Rip it up and start again!

Der beste Ex-Flatmate der Welt hat mir mit seinem kürzlich eingetroffenen Präsent für die nächste Zeit wunderbarsten Lesestoff beschert: Rip it up and start again – Postpunk 1978-1984 von Simon Reynolds erweist sich schon in den ersten drei von unzähligen Kapiteln aus ein Quell der Freude, wenn man aus dem Hamsterrad nach Hause gekrochen ist.
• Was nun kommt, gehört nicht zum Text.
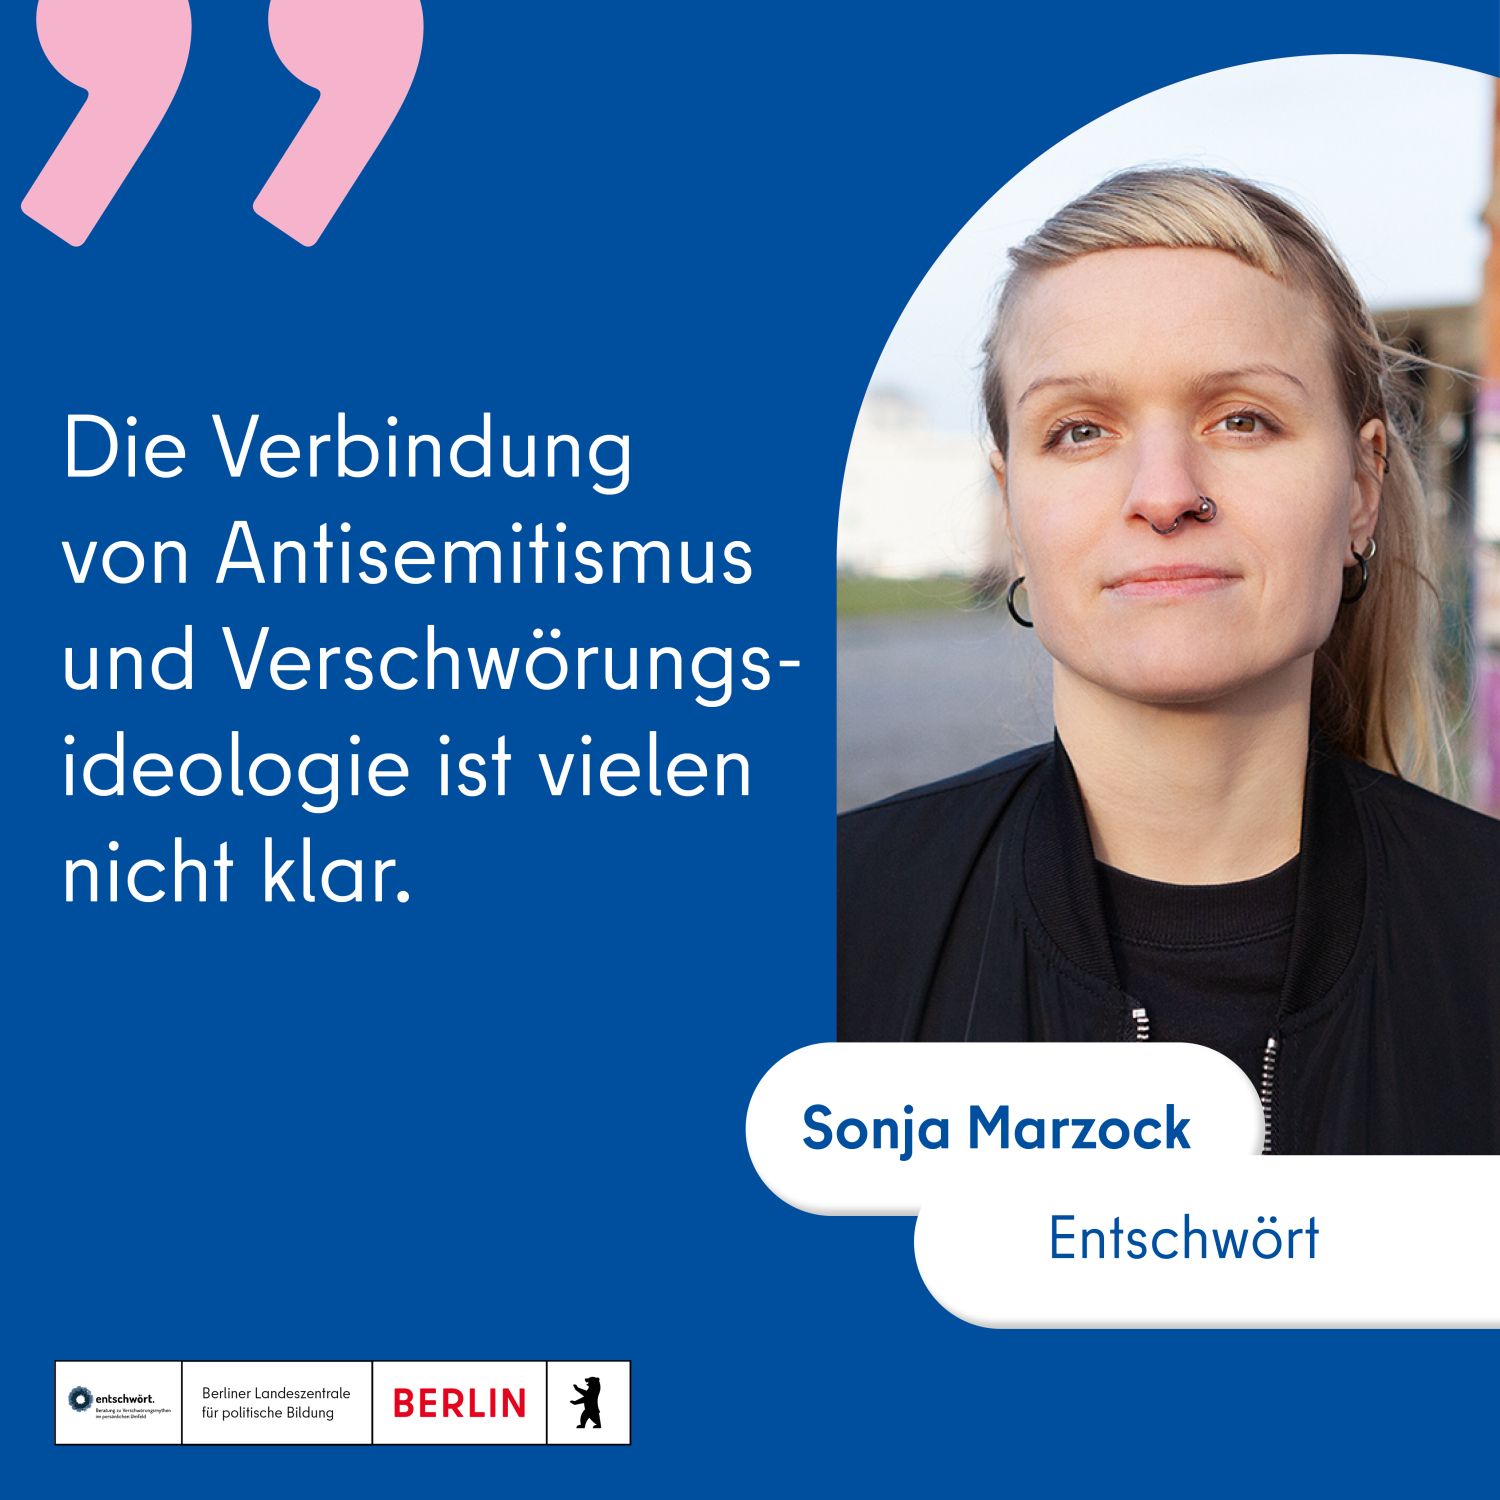 Foto von Sonja Marzock von Entschwört mit Zitat: "Die Verbindung von Antisemitismus und Verschwörungsideologie ist vielen nicht klar."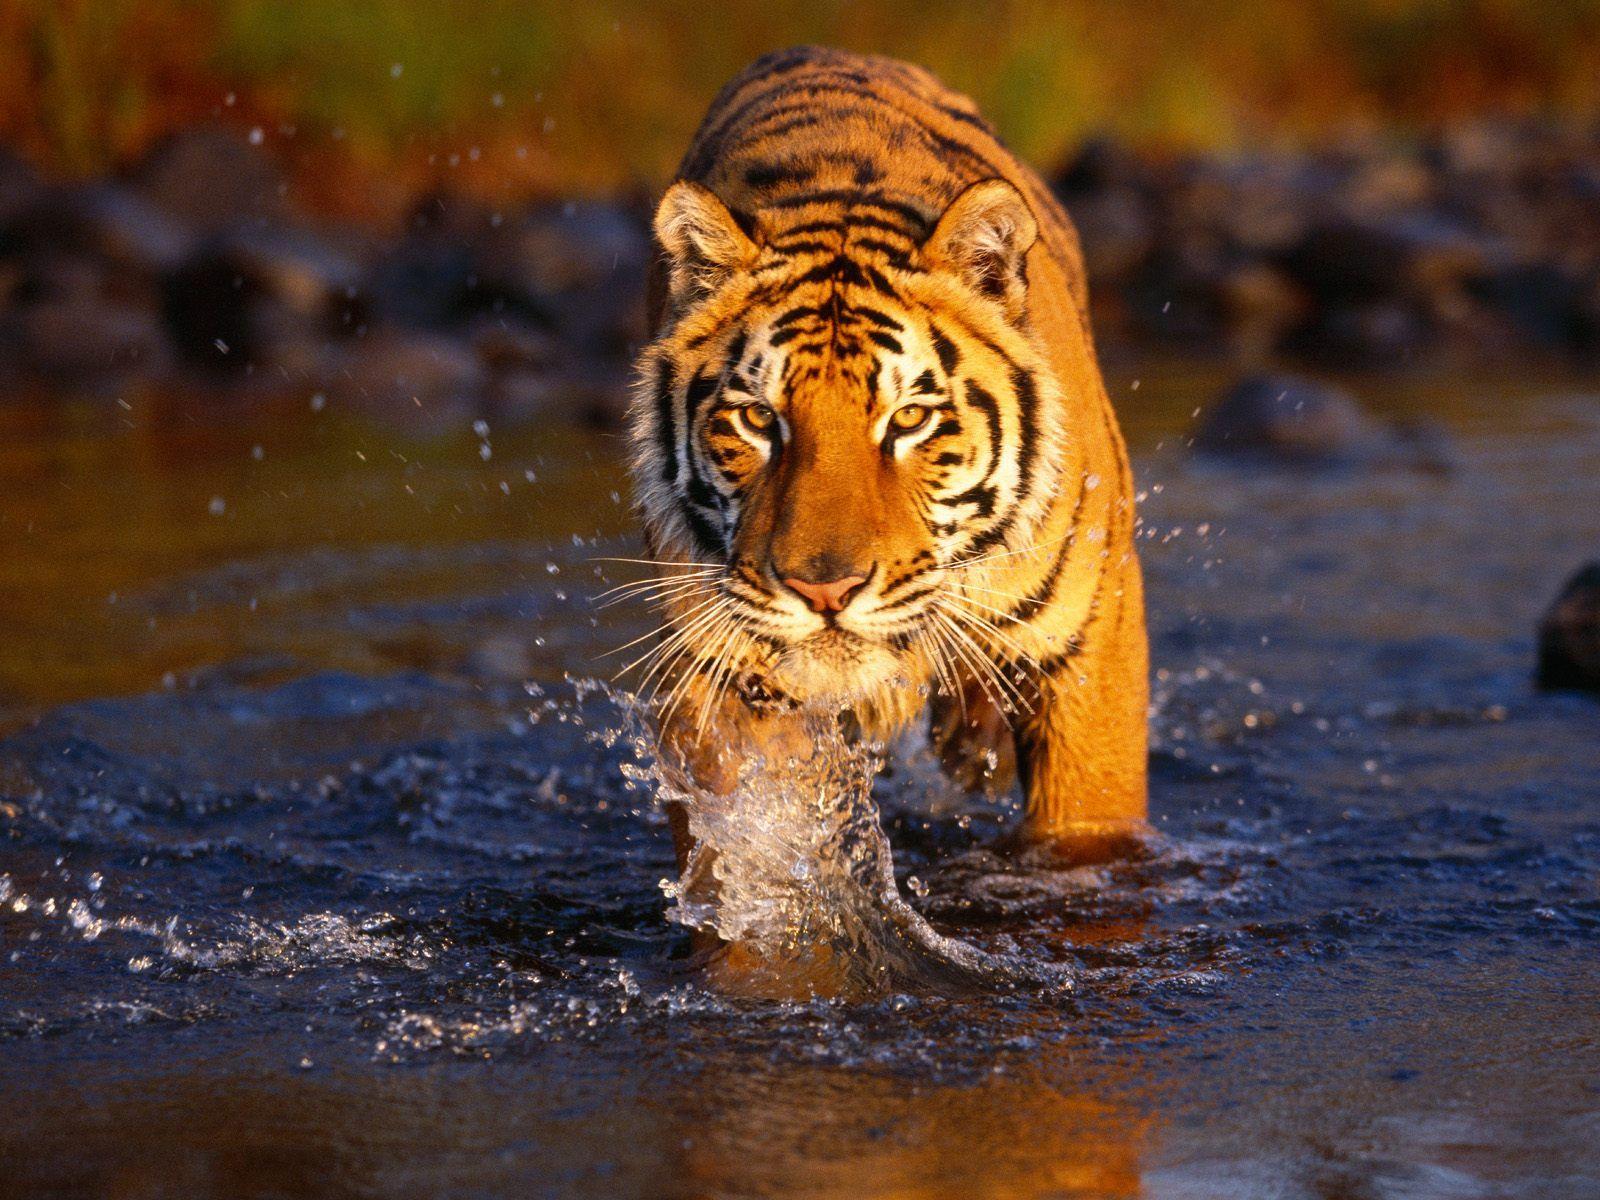 Unique Animals blogs: Tigers Wallpaper, Tiger Wallpaper

Erfreulicherweise ist das Buch nicht rein chronologisch geordnet, sondern bildet Cluster – nach Städten, ähnlichen Bands, Gender und so weiter und so fort. Dabei geht es dann Stück für Stück voran. Ich habe mich schon an Johnny Rottens Rückverwandlung in John Lydon und direkte Weiterverwandlung in PiL delektiert, mehr über Pere Ubu und Devo gelernt als ich möglicherweise je wissen wollte und steige gerade in die No Wave-Szene der Endsiebziger in New York ein.

Thank’s, dear old flatmate!!

Whip it ist wohl der bekannteste Song von Devo, aus dem Jahr 1980. Was heute nur noch wenig aufregend scheint, war damals ein echt heißer Scheiß. I still love it.

Be sure, dass Ihr die nächste Zeit hier immer mal wieder weiteren heißen alten Scheiß zu Hören bekommt.